Зазвонил телефон. Андрей Андреевич положил руку на трубку, немного помедлил и сказал:
- Митрохин слушает!
В трубке долго и пронзительно квакало, Митрохин морщился, но, как показалось Лапшину, с облегчением на него поглядывал: беседа по телефону оттягивала разговор с Иваном Михайловичем, и Митрохин не мог этому не радоваться.

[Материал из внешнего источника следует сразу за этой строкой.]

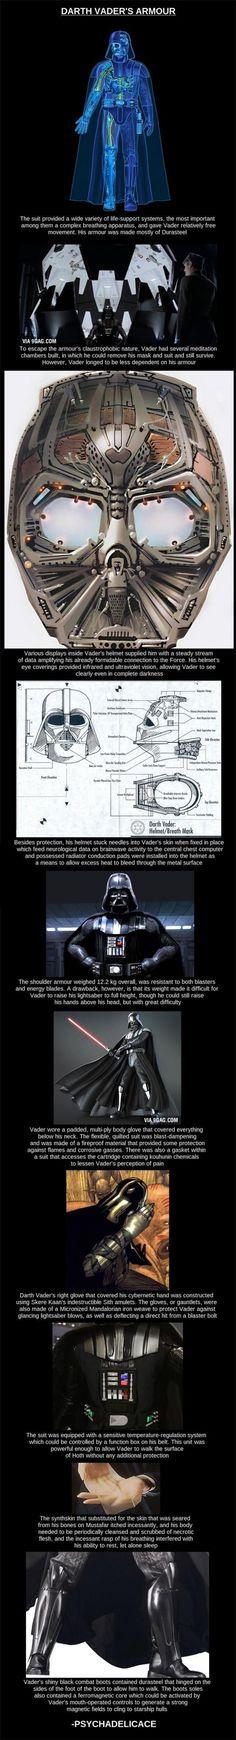 The Secret Behind Vader's Suit

- А если я веду у вас занятия, то это не значит, что вы сами не должны работать над собой, - сказал он сердито. - И материал должны прорабатывать, и собеседования проводить в мое отсутствие. Объективно, да! Ну, расчленил Гитлер Чехословакию, ну, агрессор, ну и что? Почему от этого мы должны в истерику впадать? Подчеркните эту деталь, но проверьте. Хорошо, допустим, гестапо посадило в Праге десять тысяч человек, и французы сообщают, что чехи боятся между собой разговаривать, - так это же французская точка зрения на вещи, буржуазная, а не наша. Наша какая? А такая, милый друг, что свободолюбивый чешский народ в любых обстоятельствах будет разговаривать, и никаким террором его не запугаешь... Вот таким путем.
Прижимая плечом к уху трубку, он еще долго что-то объяснял, и Лапшин, нехотя вслушиваясь, вдруг понял, что Митрохин говорит о Гитлере ругательные слова, как бы не слишком им веря, говорит громко, но не убежденно, словно бы признавая за фашистским фюрером право сильнейшего над слабыми. И, почувствовав это, Иван Михайлович еще более весь подобрался, уже с усмешкою вспомнил эмфизему и приготовился к жестокому бою.
- Ты ноту, кстати, читал Литвинова? - спросил он, когда Митрохин кончил свою телефонную беседу. - Насчет того, что советское правительство не может признать включения Чехии в состав Германской империи?
Андрей Андреевич лениво пожал плечами:
- Диалектически надо к вопросу подходить, - произнес он с усмешкой. - А Гитлер...
- Что - Гитлер? - с едва уловимой злой улыбкой спросил Лапшин. Здорово чешет Адольф? Ты это хотел сказать?
- Больно ты сегодня меня не любишь, - засмеявшись, заметил Митрохин. И в былые времена не жаловал, а сегодня - прямо-таки ужас. На чем это мы остановились?
- А насчет мамы, как она помирала...
- Да, мама, правильно. Вот ты все, Иван Михайлович, шумишь на меня. У тебя полет другой, недаром ты у нас первый человек, а я нормальный работник, стремлюсь, конечно, стараюсь, этого у меня никто не отнимет, но до тебя-то, как и всем нашим, не дотянуть. Мне все кажется, понимаешь ли, проще: шпана, драка, кровищу льют в нашу эпоху, на нашей родной, на нашей любимой советской земле, так кончать надо, поторапливаться, все гайки до отказа завинчивать, а не интеллигентщину разводить, не либерализм, не чикаться туда-сюда, базар кончать со всей решительностью, по-нашему, как от большевиков требуется, а не от всяких там сопливых нытиков-маловеров...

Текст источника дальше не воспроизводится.